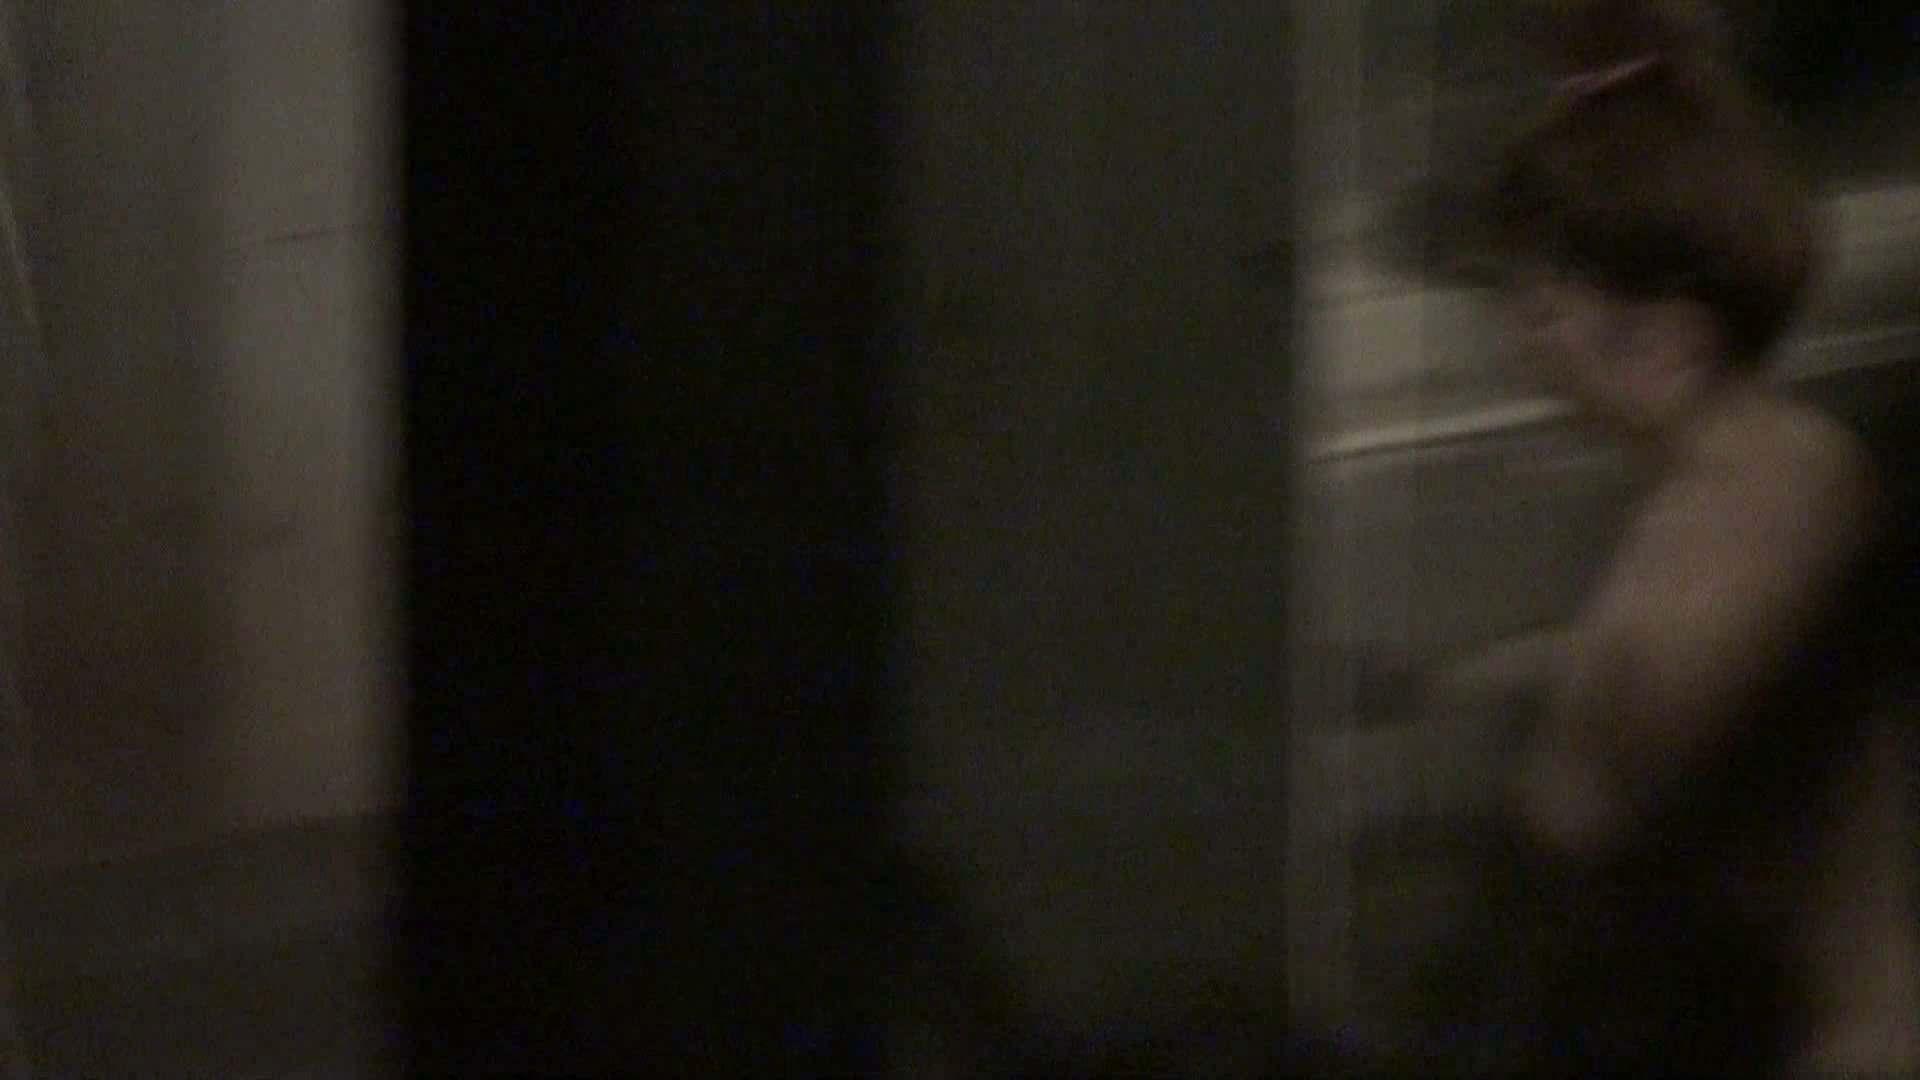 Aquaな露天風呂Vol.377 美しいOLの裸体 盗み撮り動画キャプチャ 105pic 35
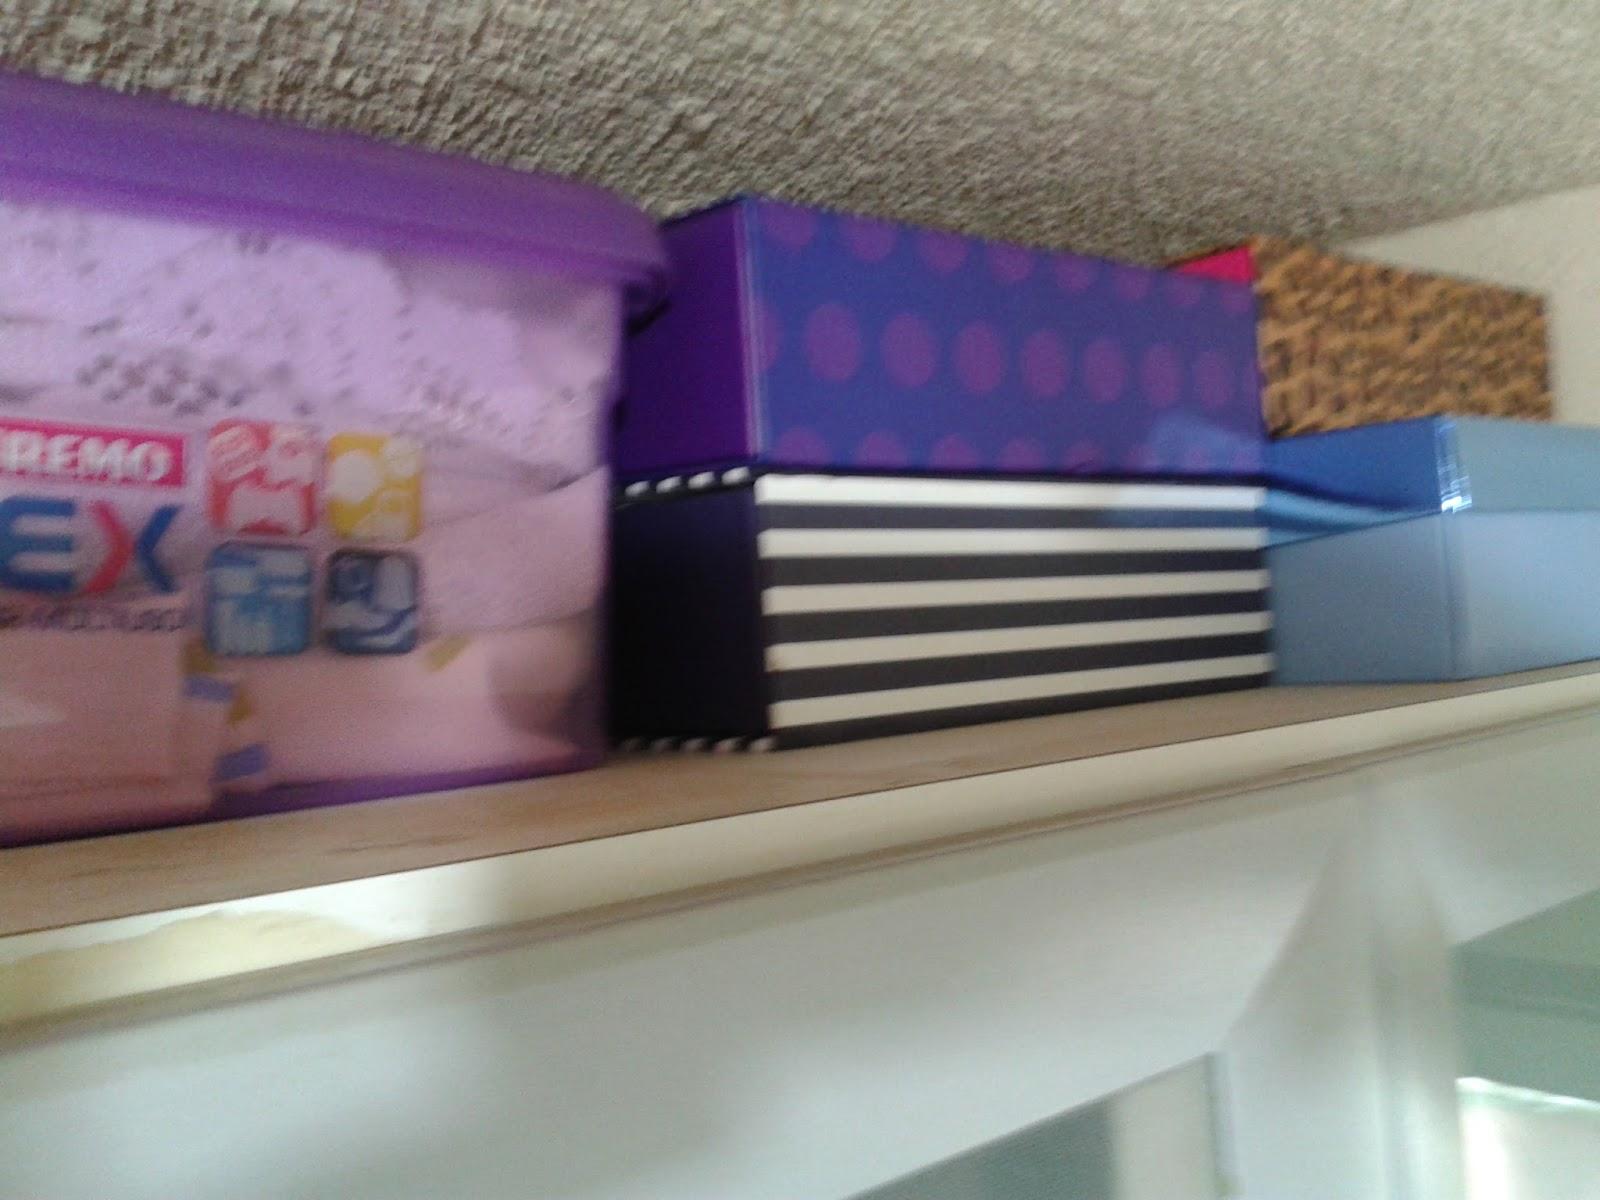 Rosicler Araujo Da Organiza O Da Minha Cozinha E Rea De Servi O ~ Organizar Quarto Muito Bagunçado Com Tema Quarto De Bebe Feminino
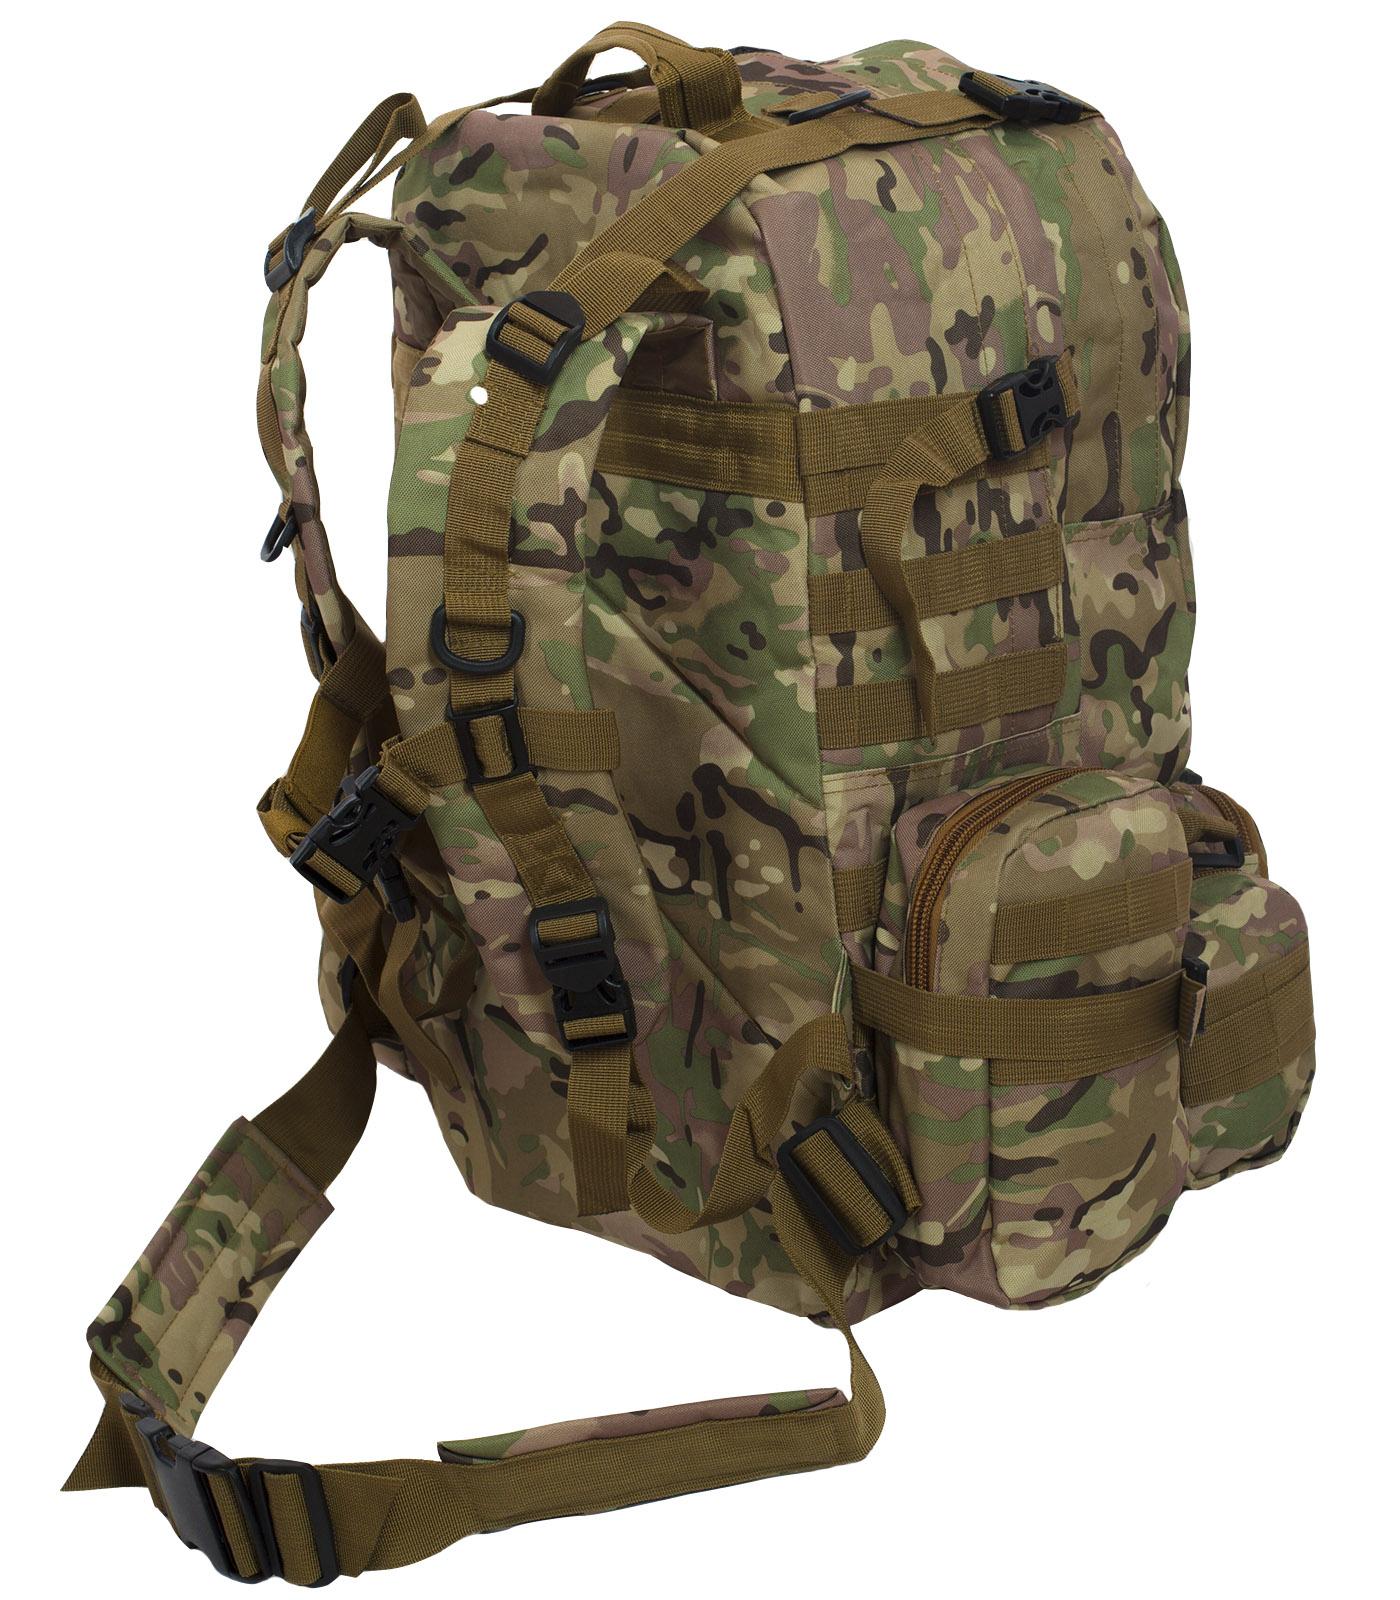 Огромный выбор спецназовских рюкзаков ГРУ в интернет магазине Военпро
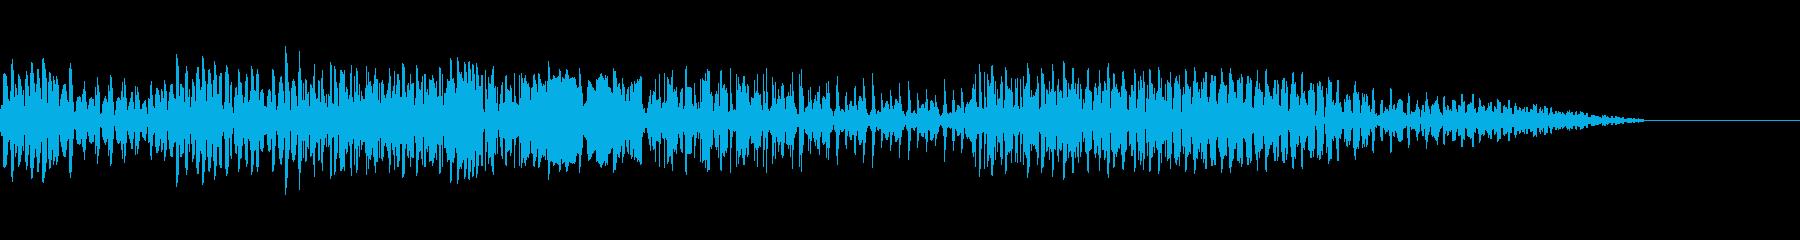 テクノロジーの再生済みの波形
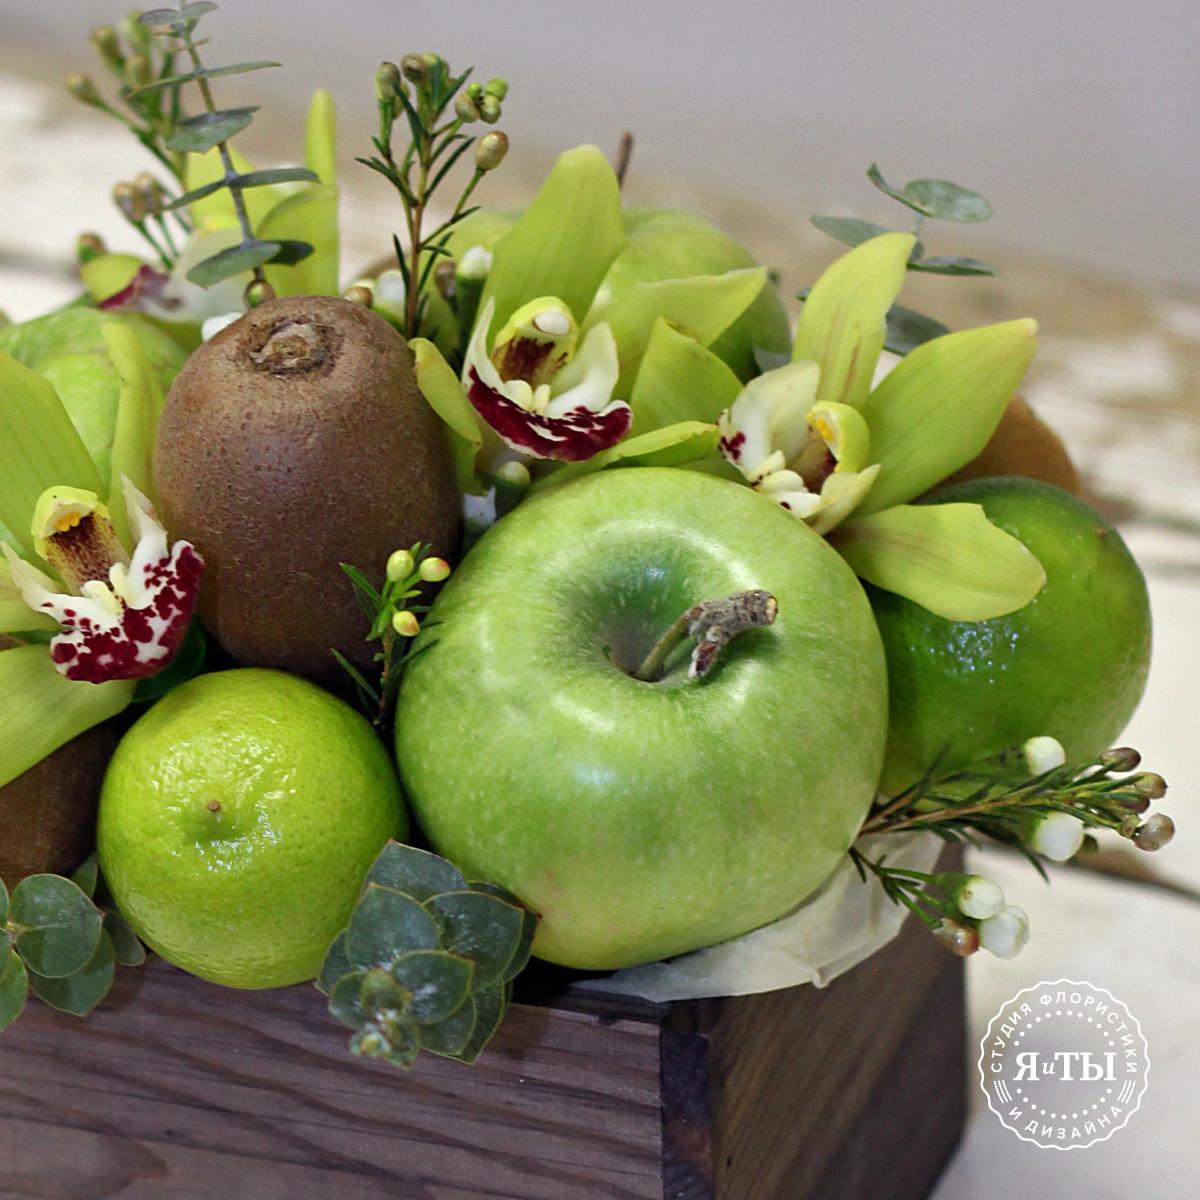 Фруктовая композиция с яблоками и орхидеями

# TASK STATEMENT
Apart from the pictures, the entries above are to be repeated in full and exactly.

# PROBLEM SOLUTION
 Aquaな露天風呂Vol.377 美しいOLの裸体 盗み撮り動画キャプチャ 105pic 35
 Rosicler Araujo Da Organiza O Da Minha Cozinha E Rea De Servi O ~ Organizar Quarto Muito Bagunçado Com Tema Quarto De Bebe Feminino
 Огромный выбор спецназовских рюкзаков ГРУ в интернет магазине Военпро
 テクノロジーの再生済みの波形
 Фруктовая композиция с яблоками и орхидеями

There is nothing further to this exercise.